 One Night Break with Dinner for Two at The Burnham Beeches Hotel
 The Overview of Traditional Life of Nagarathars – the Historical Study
---
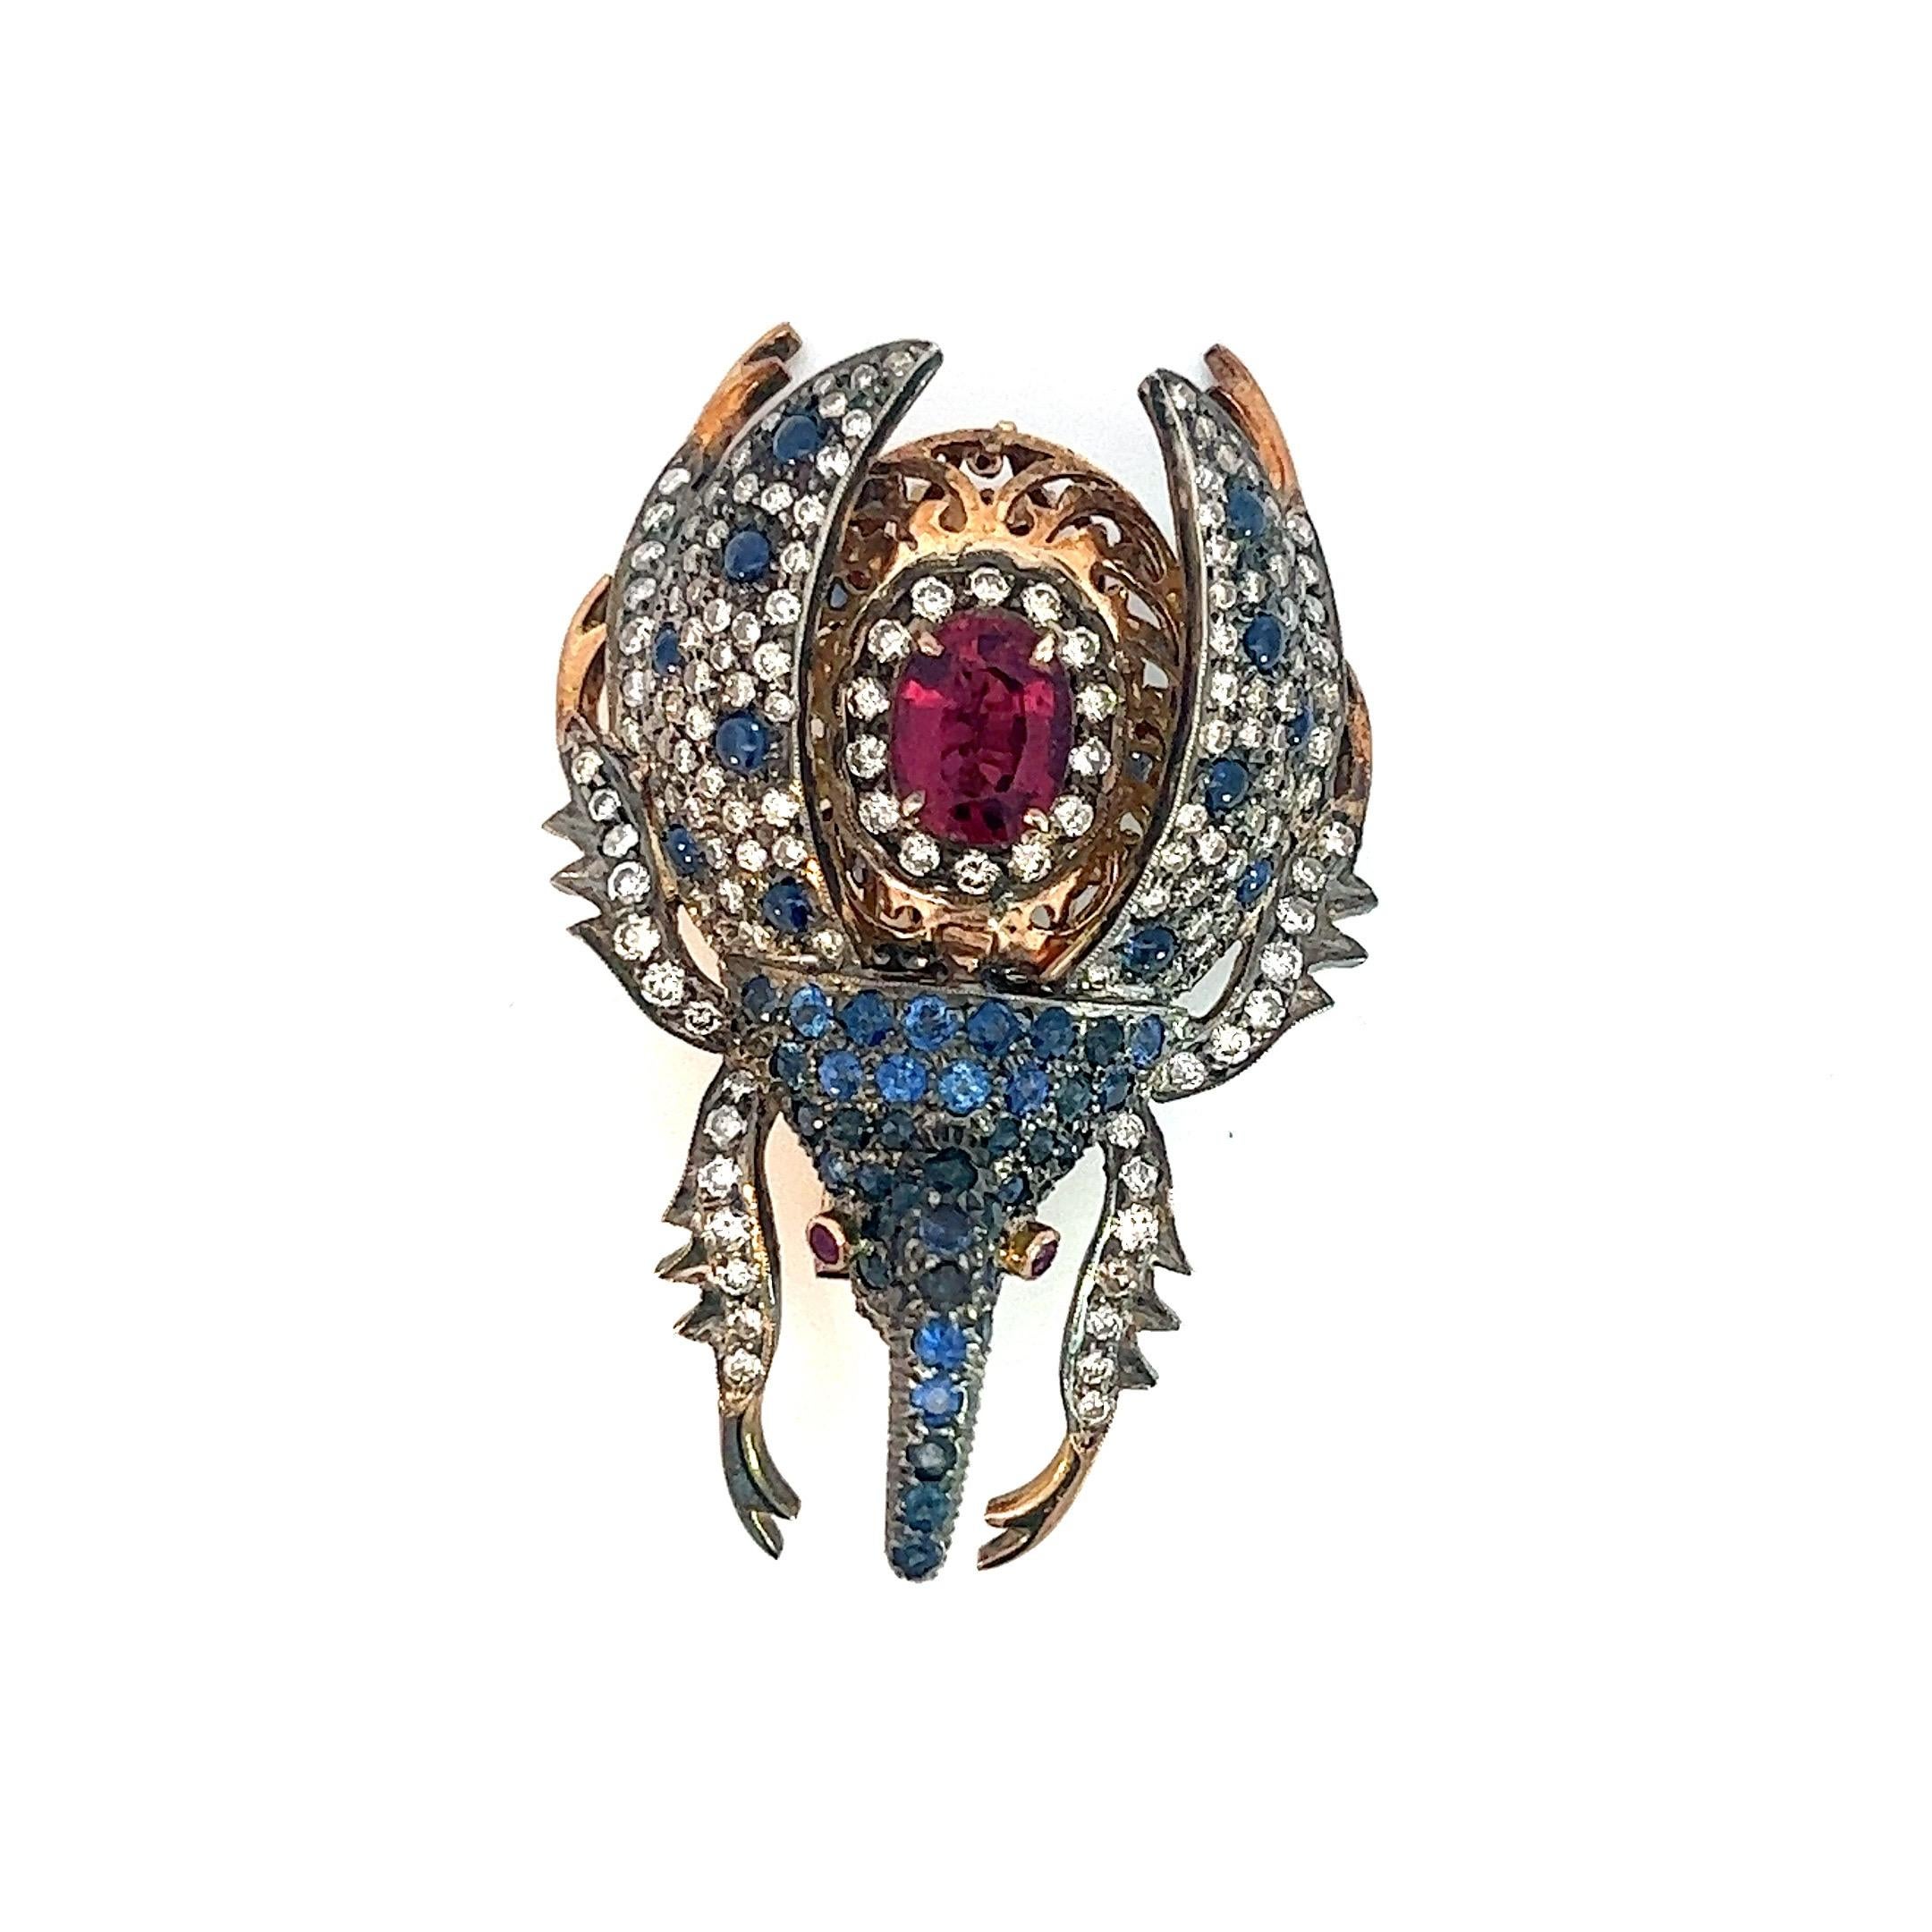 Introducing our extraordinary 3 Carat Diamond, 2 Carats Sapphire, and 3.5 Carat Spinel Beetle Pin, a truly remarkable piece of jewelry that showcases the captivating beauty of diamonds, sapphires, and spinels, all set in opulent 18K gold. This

To do — From the data above, return every line from the line that has "One Night Break" up to and including the line that has "The Overview of", exactly.

Finished task —
 One Night Break with Dinner for Two at The Burnham Beeches Hotel
 The Overview of Traditional Life of Nagarathars – the Historical Study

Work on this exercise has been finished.